Creativity, Innovation and Entrepreneurship

Part of the romanticism of entrepreneurship is the thought that entrepreneurs are creative, innovative, go-getters, risk takers, driven. All of that implies a high self-esteem and determination. In reality, having a clear understanding of creativity, innovation and entrepreneurship allows managers of institutions and corporations, as well as individual, manage each area differently to get the best results.

People like creativity simply because it is fun. We reconnect with the pure pleasure of getting something that did not exist before. When we create we forget our problems, we are just being, the child comes out, we connect with ourselves and it simply feels good. Our energy pours from the inside to the outside and leaves our imprint, the object of our creation becomes an extended part of ourselves. Creativity also lives in a time and purpose vacuum. The worst enemy of creativity is a good idea.

People like innovation because it implies progress. When we innovate, we have a structure. Innovation becomes change. To change we need the reference, the constraints, the structure, the present, what is there. When we do things differently, we are also creating, but we create with a purpose, fun stops until we reach our goal. Thus, innovation has less power as a self-expression than creativity.

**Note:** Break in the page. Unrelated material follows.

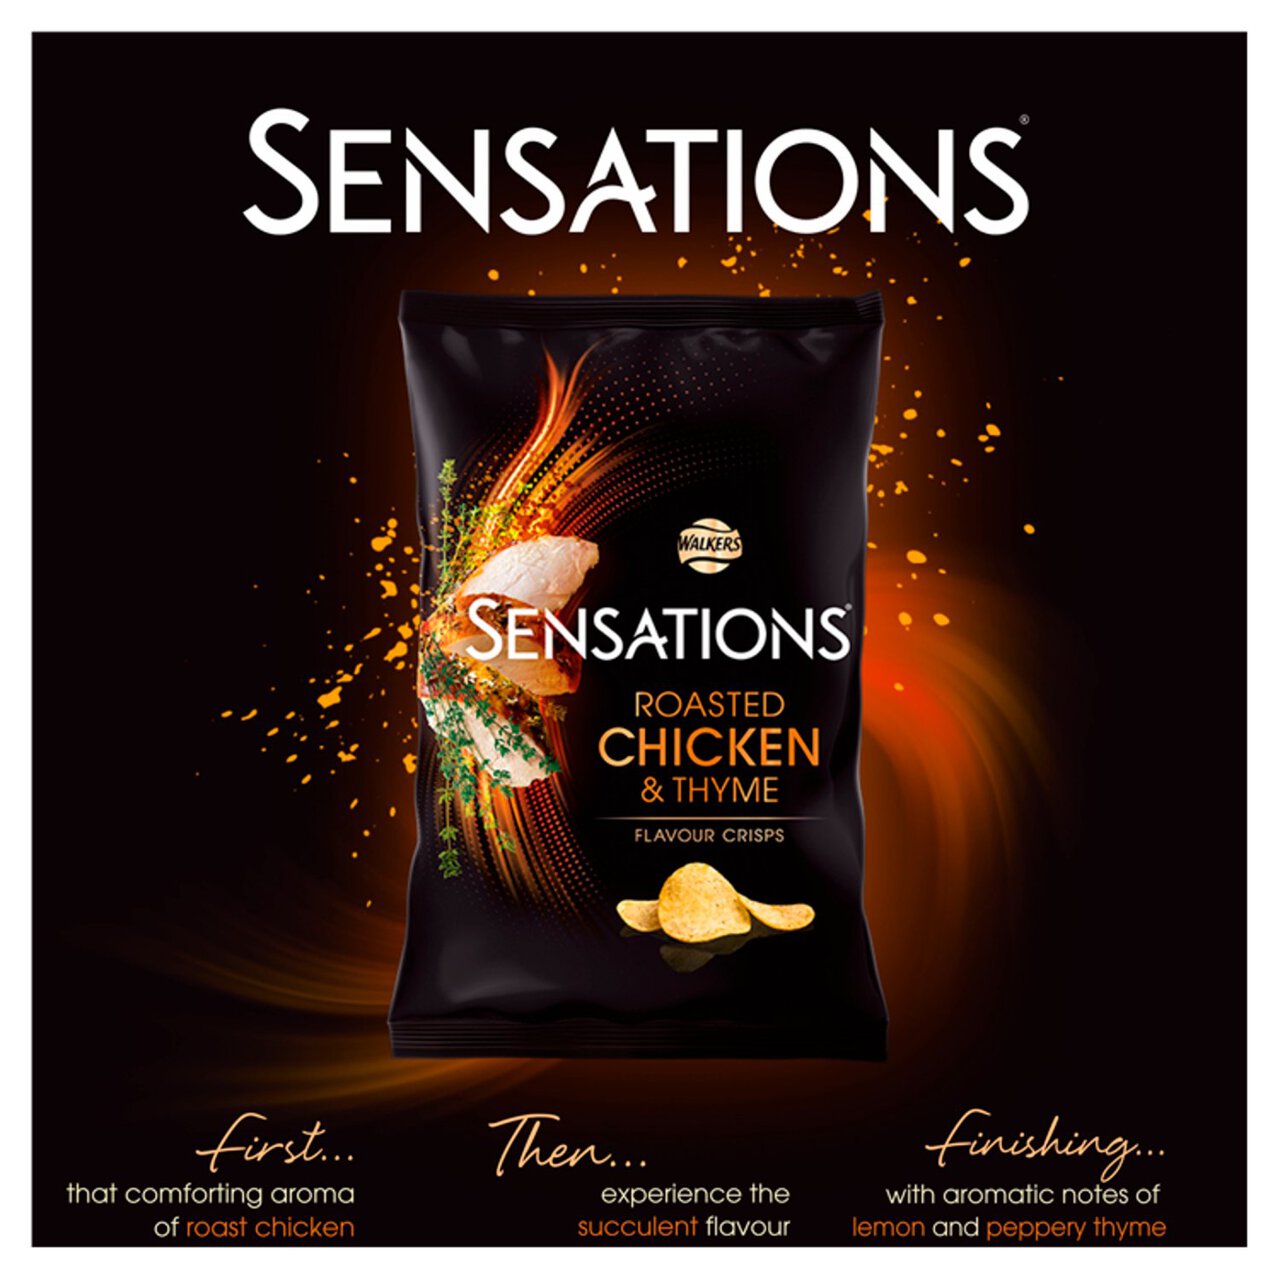 Sensations Roasted Chicken & Thyme Sharing Bag Crisps 150g

Then we come to the field of entrepreneurship, one of my favorite topics. Entrepreneurship is more about creating wealth than it is about creating a company. It is closely linked to creativity, entrepreneurs MUST have something NEW to offer. It is related to innovation, entrepreneurs MUST find new ways of getting in the market, making something new, doing things differently.

When we check most new businesses, they are me-too’s, and most so-called entrepreneurs are people who have bought themselves a job. They don’t create, innovate or add wealth. They shift what exists to a different person.

Entrepreneurship then is the process of exploring how to add value to others in a new or different way. Entrepreneurs capture that value in the form of wealth, and then that wealth with others: clients, users, employees, suppliers, community, governments, etc. To understand that being creative and being innovative is not enough and to be aware that there is a maximized value waiting to be discovered or created, is what entrepreneurs do best when they plan, then they take action, and finally, they evolve.

It is not a matter of luck as most people link entrepreneurship with creativity and innovation. If you don’t have anything, you create. If you have an unwanted present, you innovate. If you want to create wealth, you give that creation or innovation, the best chance. You don’t need money to create wealth, you need creativity and innovation.

It is by thinking and taking action, by consciously discovering where the creations or innovations have the highest perceived value that entrepreneurs build their wealth… and by doing so, create prosperity beyond themselves. It is not about becoming rich but building wealth.

Without the notion of creating wealth, creativity and innovation can’t find a place in the market. To be able to distinguish where the highest value is, who is the ideal customer or client is to bring prosperity to our communities, and to act upon that thought, is what entrepreneurs thrive at.

There are many tools and methods that capture how entrepreneurs create wealth. It is not an art, or a science. It is the conscious effort of making the best of a product or a service, to find those who value it best, and capture that value, what lies inside the entrepreneur.

Creating wealth escapes the obvious, and creates new valued propositions. Sometimes we use innovation to improve what is there, but most likely, the best results come from a free, playful, fun exercise of creating wealth. Whatever you do to create wealth will improve your skills and build up that wealthing muscle. Even if you compose a song in tribute to your wealth when you are showering!